- About this task
Write out each entry below exactly; the images do not belong in your copy.

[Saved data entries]
========================================

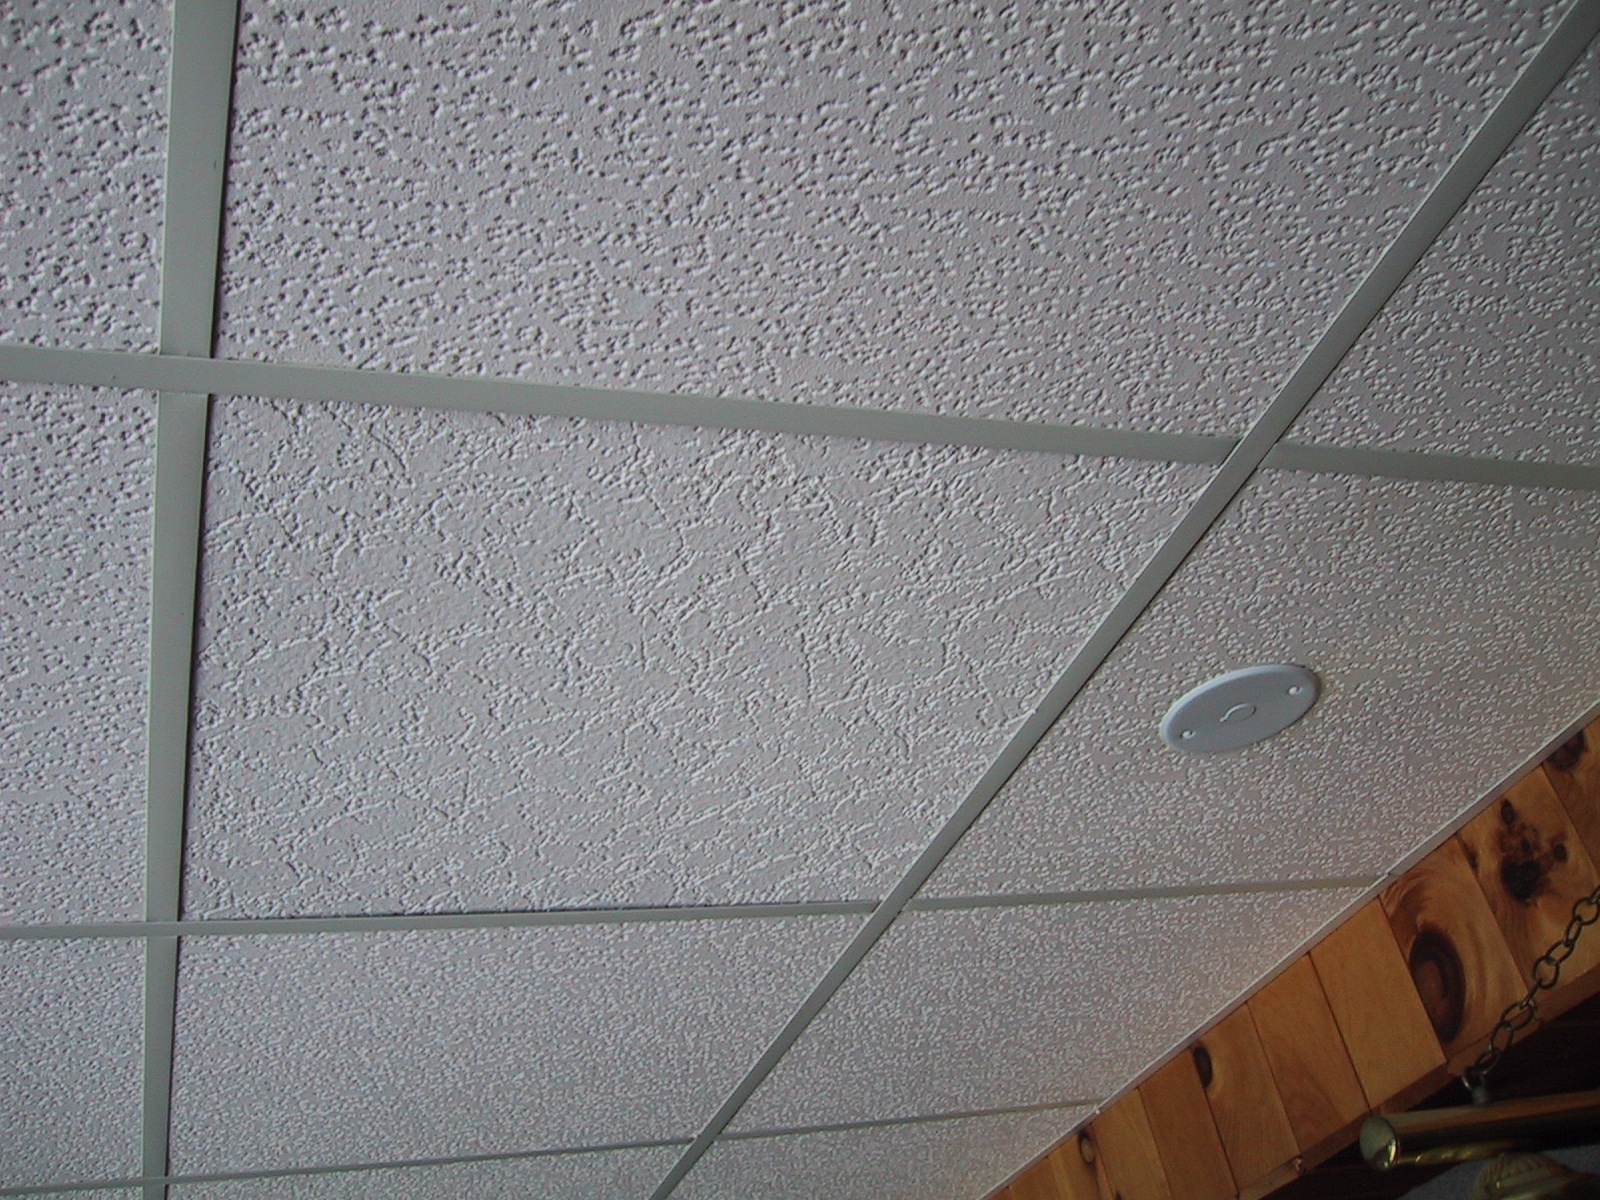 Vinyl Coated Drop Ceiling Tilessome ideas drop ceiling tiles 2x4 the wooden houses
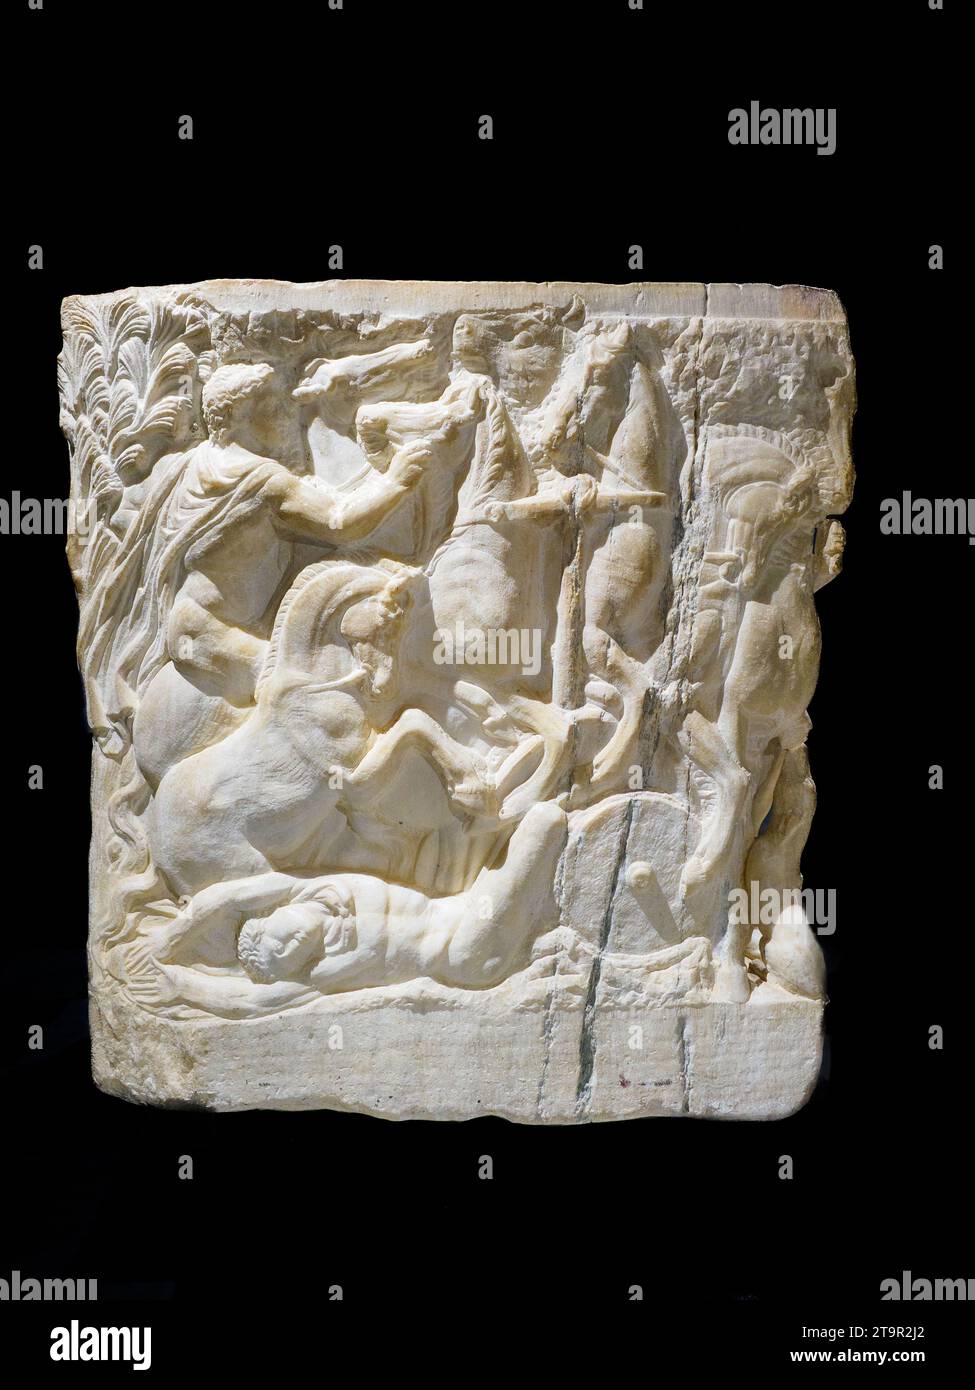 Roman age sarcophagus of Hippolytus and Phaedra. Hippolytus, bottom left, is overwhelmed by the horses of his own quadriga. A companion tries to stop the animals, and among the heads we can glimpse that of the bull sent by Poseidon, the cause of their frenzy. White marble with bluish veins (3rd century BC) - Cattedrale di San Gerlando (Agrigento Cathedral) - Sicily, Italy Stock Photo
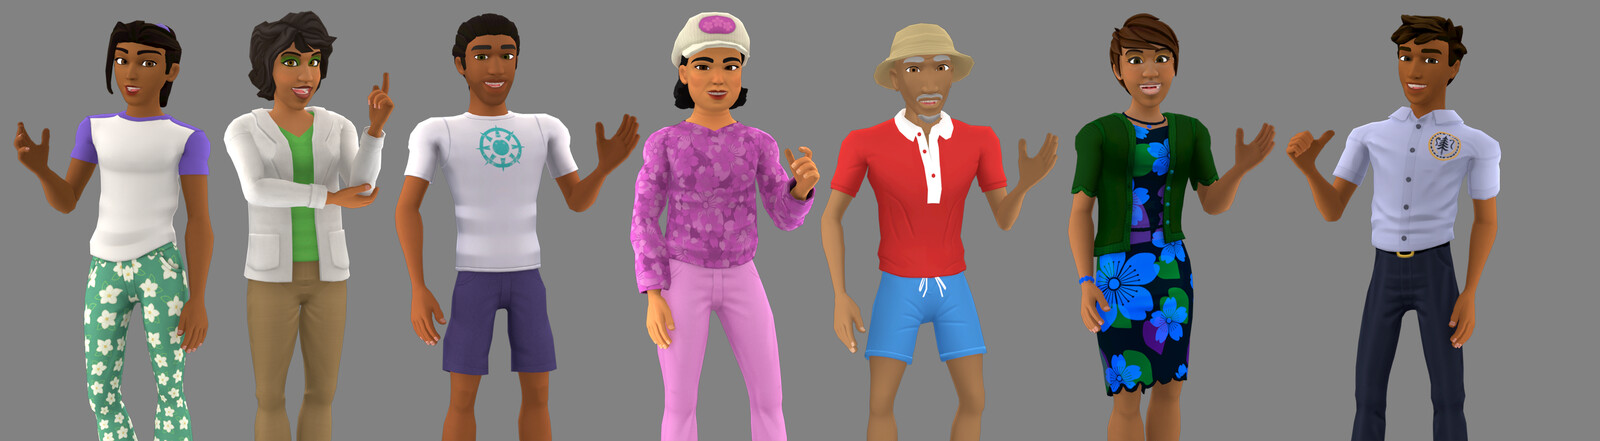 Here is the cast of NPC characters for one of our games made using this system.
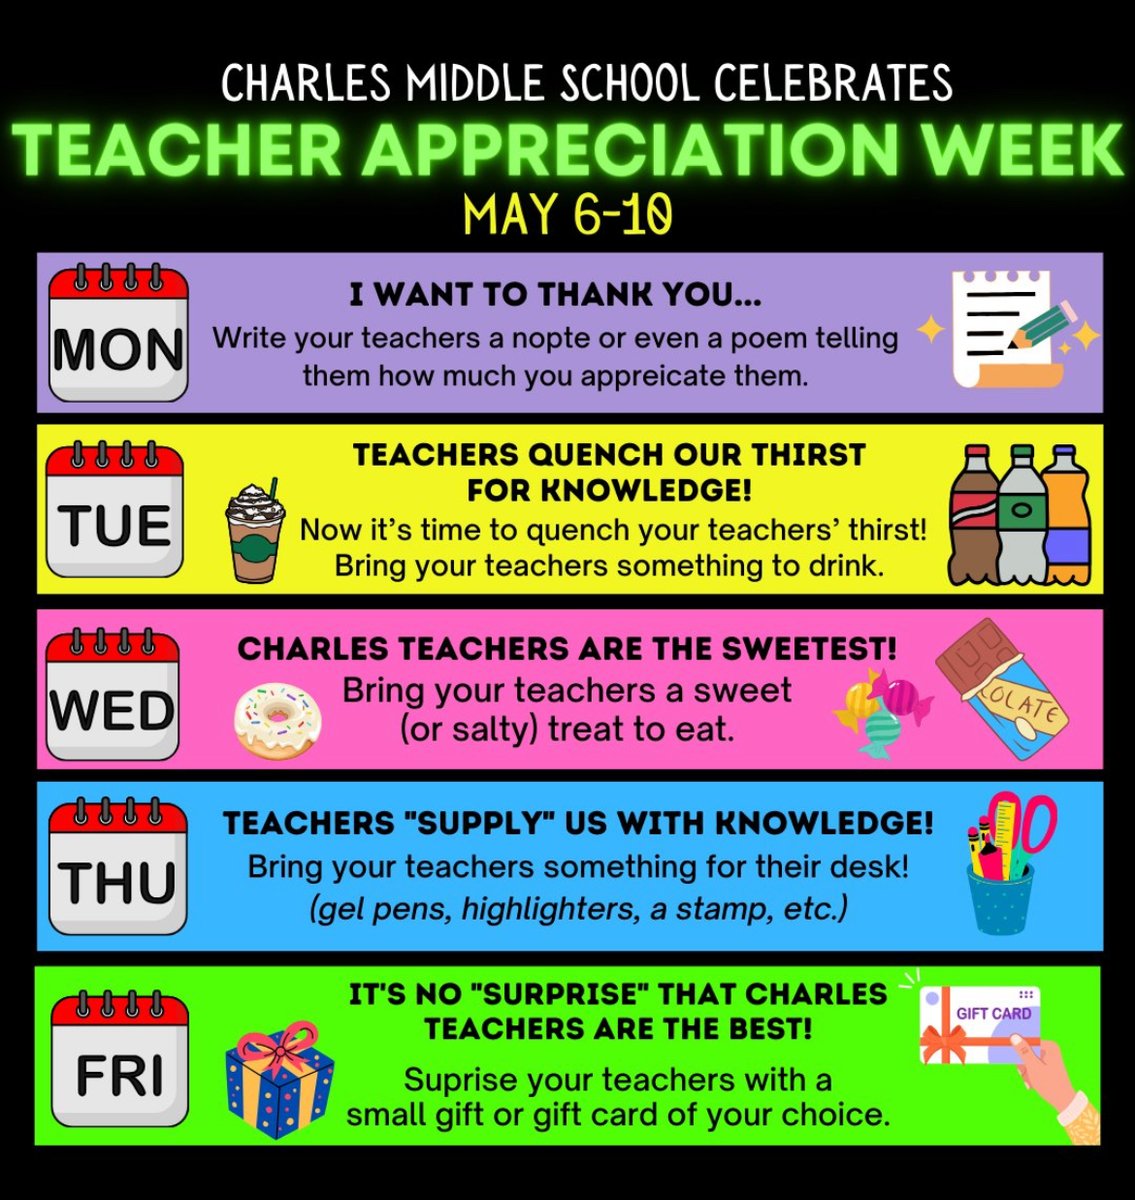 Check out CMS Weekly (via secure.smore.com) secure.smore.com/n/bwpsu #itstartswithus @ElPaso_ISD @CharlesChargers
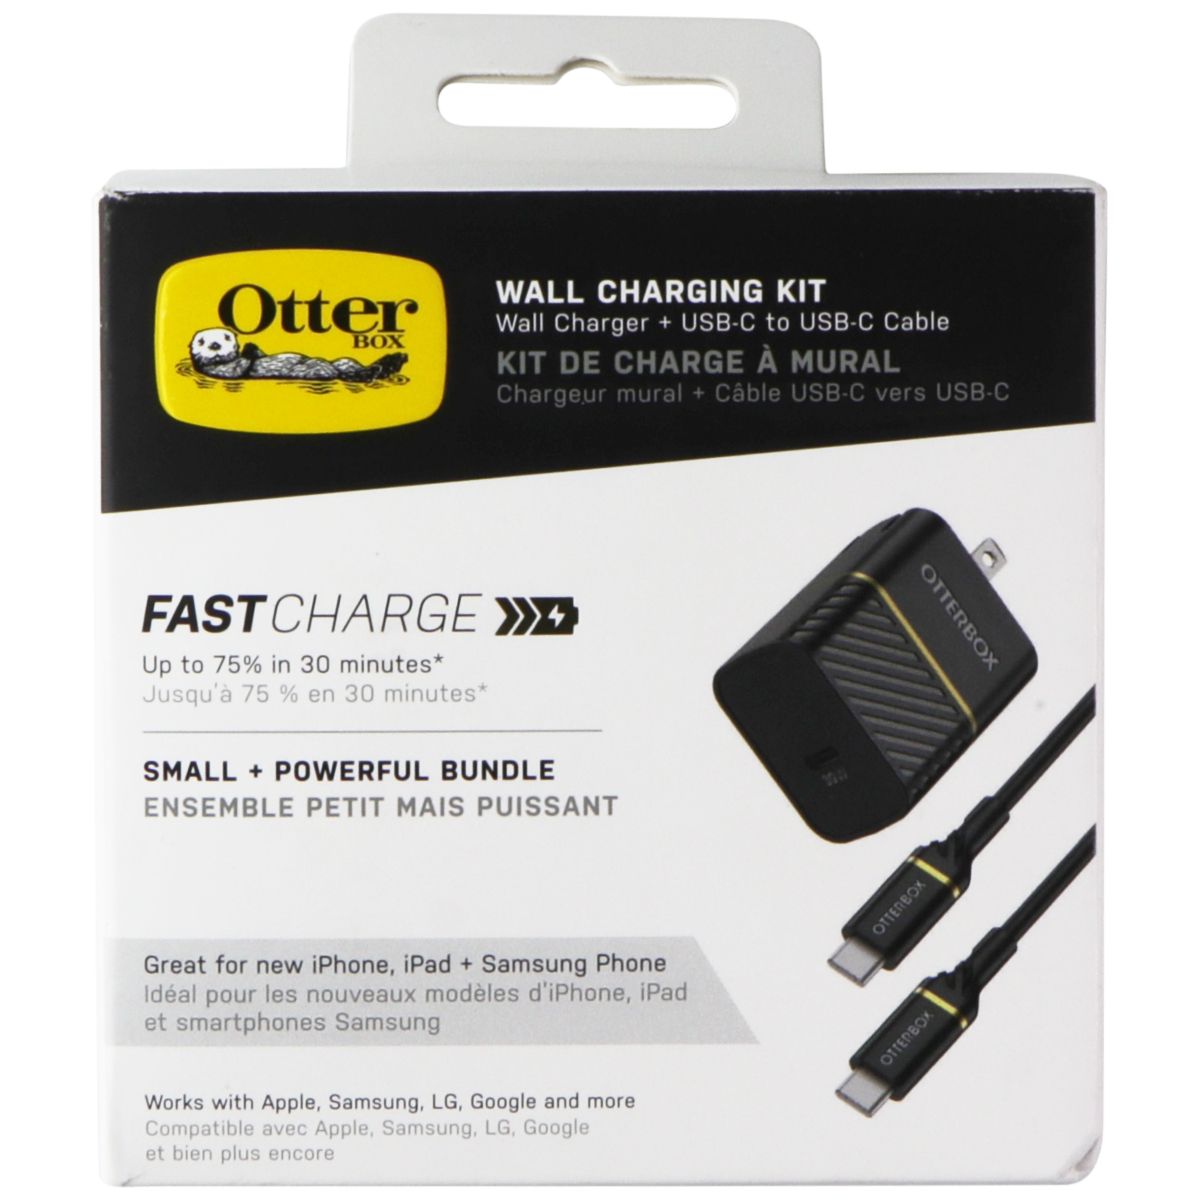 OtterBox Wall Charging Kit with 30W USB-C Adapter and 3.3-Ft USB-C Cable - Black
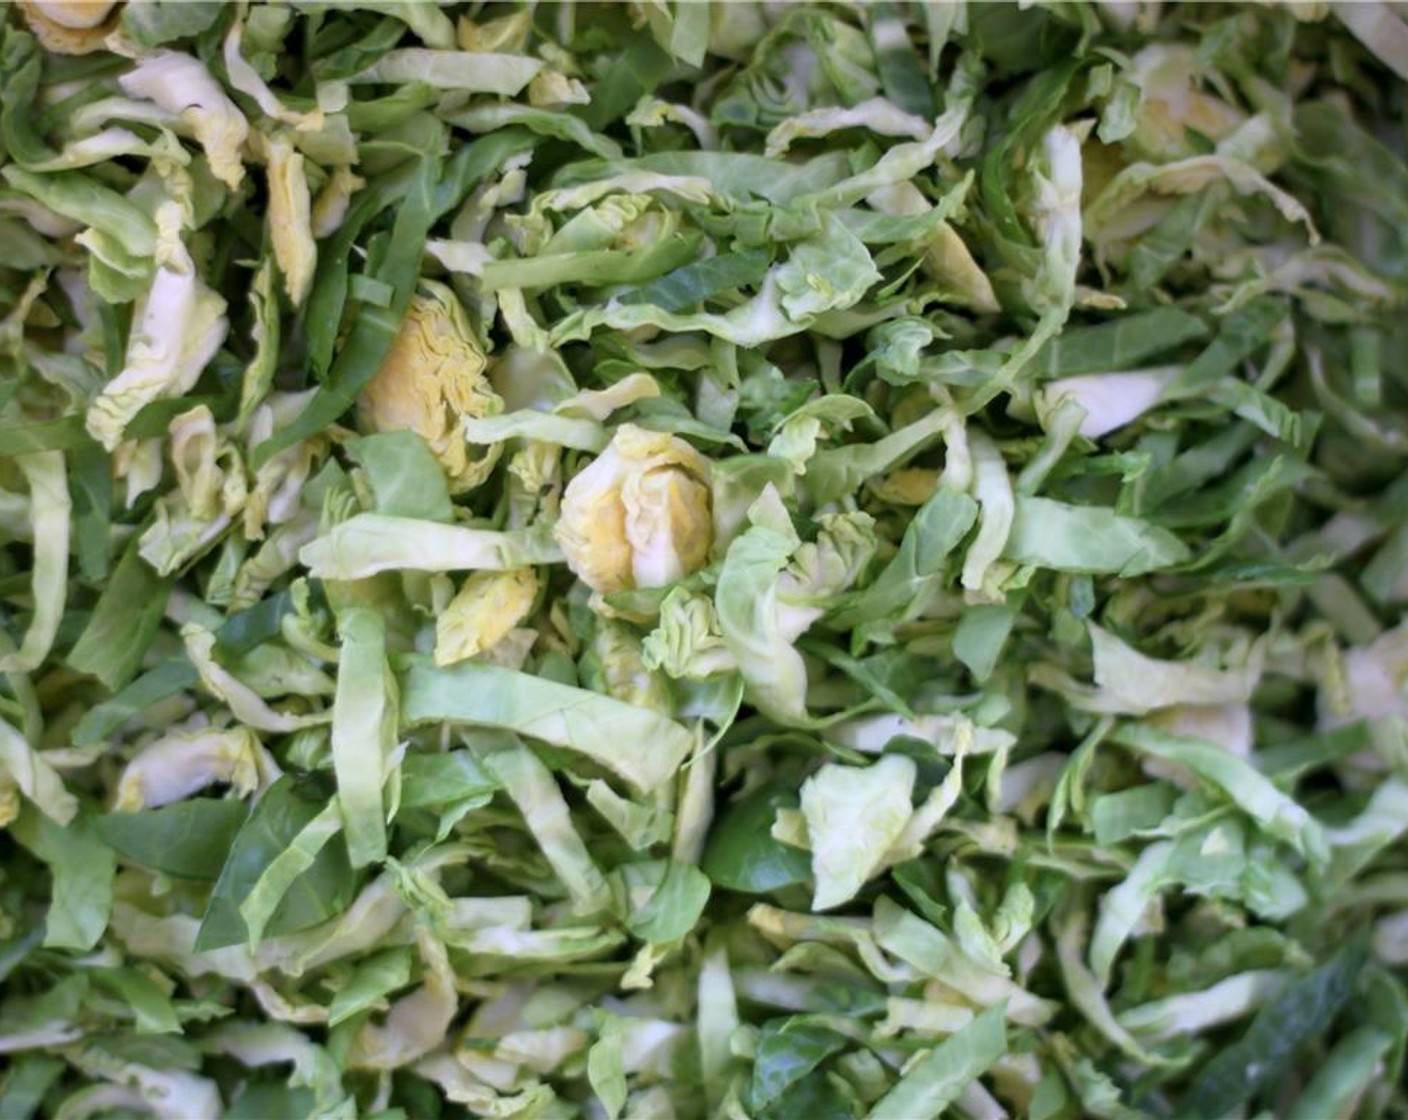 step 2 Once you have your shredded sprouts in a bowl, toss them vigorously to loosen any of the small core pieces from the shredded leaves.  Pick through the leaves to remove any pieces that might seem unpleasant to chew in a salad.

========================================

- Result of this task
 Vinyl Coated Drop Ceiling Tilessome ideas drop ceiling tiles 2x4 the wooden houses
 Roman age sarcophagus of Hippolytus and Phaedra. Hippolytus, bottom left, is overwhelmed by the horses of his own quadriga. A companion tries to stop the animals, and among the heads we can glimpse that of the bull sent by Poseidon, the cause of their frenzy. White marble with bluish veins (3rd century BC) - Cattedrale di San Gerlando (Agrigento Cathedral) - Sicily, Italy Stock Photo
 Here is the cast of NPC characters for one of our games made using this system.
 Check out CMS Weekly (via secure.smore.com) secure.smore.com/n/bwpsu #itstartswithus @ElPaso_ISD @CharlesChargers
 OtterBox Wall Charging Kit with 30W USB-C Adapter and 3.3-Ft USB-C Cable - Black
 step 2 Once you have your shredded sprouts in a bowl, toss them vigorously to loosen any of the small core pieces from the shredded leaves.  Pick through the leaves to remove any pieces that might seem unpleasant to chew in a salad.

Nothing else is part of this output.